Faith as a work: responses

There have been a couple of responses to my post at the Theo Dept regarding Faith as a work. Mark Byron made a couple remarks in the comments, as did others, and Mark later made a longer response (and David Heddle agreed with Mark in the comments of Mark's post). Separately, Peter Sean Bradley provided a Catholic take on the question.

I posed the question because the Theo Dept was in the midst of a discussion over baptism, and the relation between faith and baptism is an important question among Christians. My concern in asking my question was to get people to think about the source of faith: does it come from us, or from God? Or perhaps, both, in some way? This line of thinking actually came about while I was reading Lutheran theologian Carl E. Braaten's Justification: the Article by which the Church Stands or Falls. Writing about the divine and human roles in the order of salvation as Luther understood it, Braaten states the following:

On the one hand, Luther could say that faith is a work which must be done by a human being, and on teh other, that faith is not a human work at all, but a gift of the Holy Spirit. Both statements are true when seen from the right perspective. In any case, faith is a work. It is an act. But how is it related to justification---as a means to an end or as the effect of a cause? In other words, how is faith correlated with justification in Luther's mind? If faith is described as a work which justifies, it could be mistakenly understood to mean that God forgives my sin because I do something, because I believe or feel sufficiently miserable about my sin and guilt. The remission of sins is something I can get if only I fulfill certain requirements. I have only to be told what they are, and with proper persuasion I may even choose to fulfill them. This, Luther perceived, is the essential element in all false religion: "If I do thus, God will be merciful to me." [...] The quid pro quo type of connection between faith and justification was certainly not what Luther meant to affirm by his assertion that faith makes righteous, or faith justifies. [...] Justification is objectively prior to faith. Faith is subjectively the result of the creative impact upon the sinner of God's acceptance. [...] Faith is by all means not a cause of forgiveness and not a prior condition of justification which can possibly be fulfilled by a human will in bondage.

For the most part, I agree with Braaten's take, especially in the final sentence. I think it is terribly important that we always remember (as my Protestant friends in blogland have) that faith is a gift, not something that first originates within us. Yes we believe, we have faith.
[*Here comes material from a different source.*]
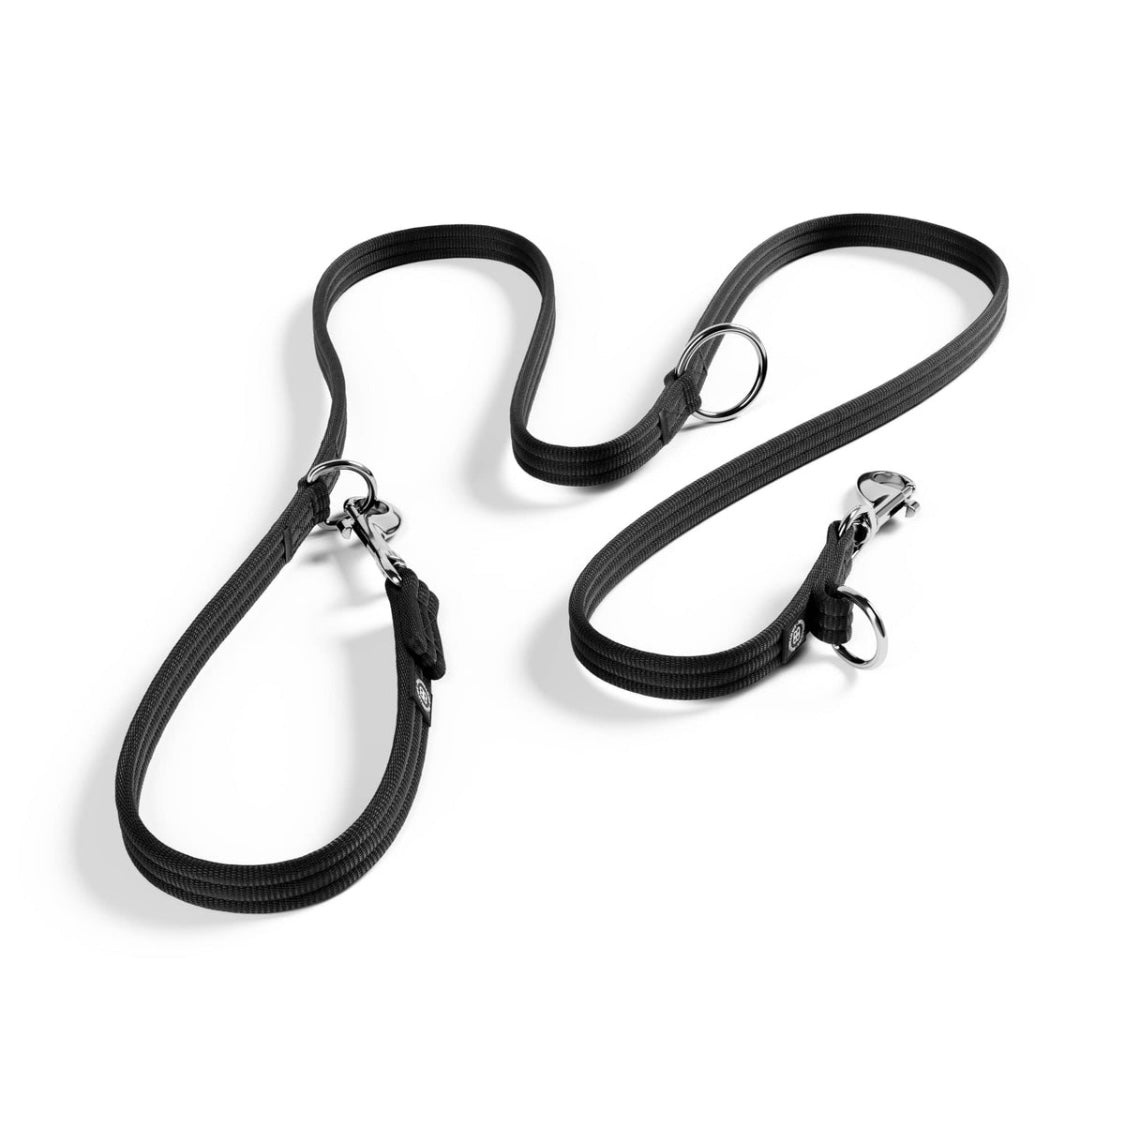 Double Ended Training Lead | All Breeds - Durable & Soft 2m Lead - Black
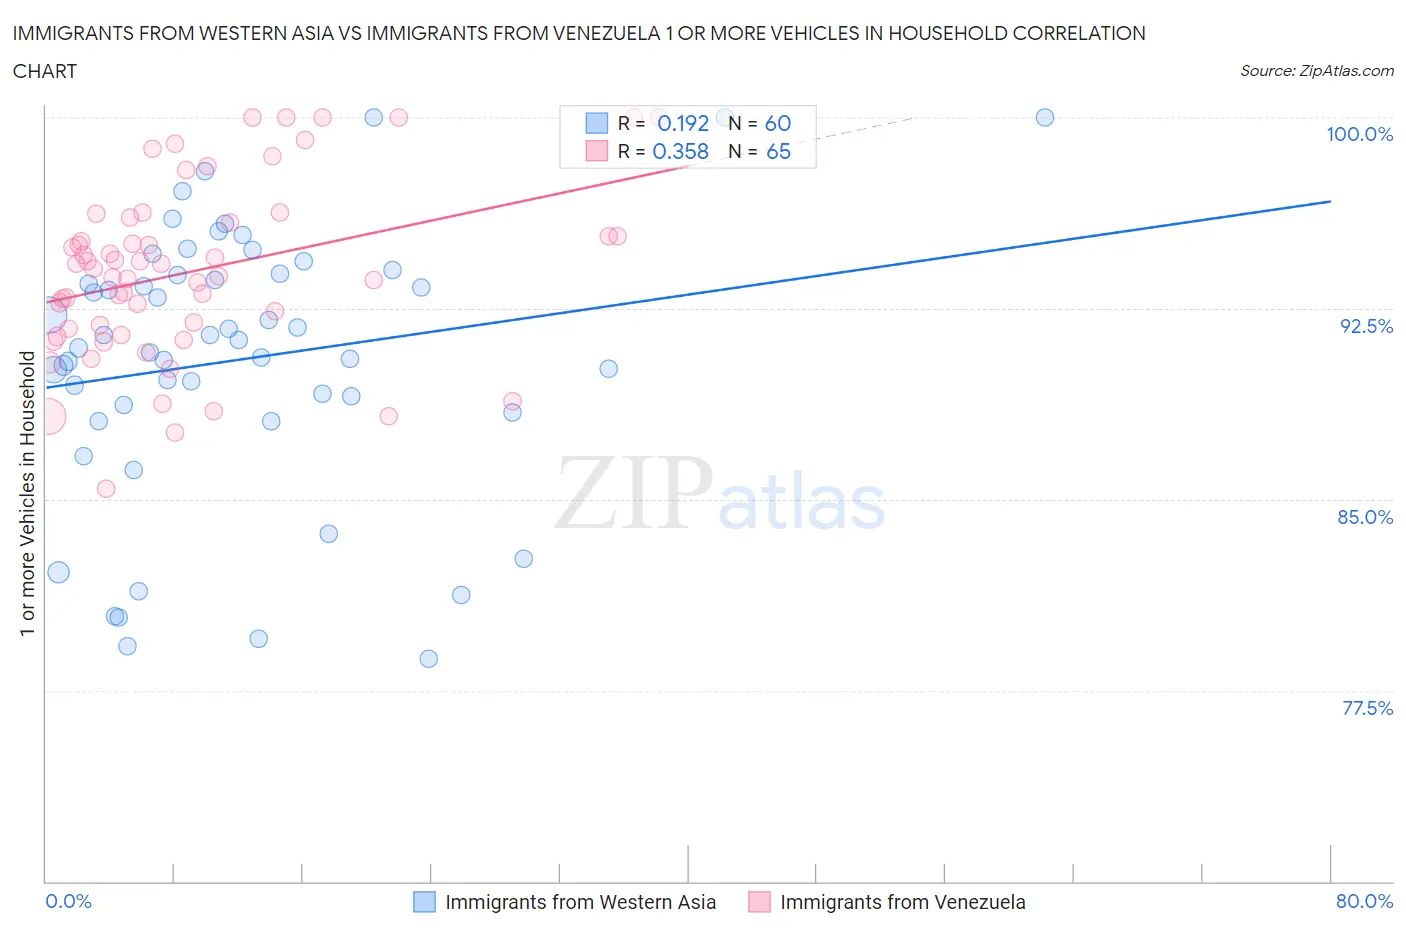 Immigrants from Western Asia vs Immigrants from Venezuela 1 or more Vehicles in Household

But before we have faith, it is given to us by God, given (normally) in baptism. With the Lutheran tradition (and others), the Catholic Church clearly teaches that we receive faith when we are baptized in the Name of the Father, and of the Son, and of the Holy Spirit. The distinction between belief and faith (referred to in Dominus Iesus 7) is important to remember: the former is a completely human work; the latter is a gift of God to man, which man then "does".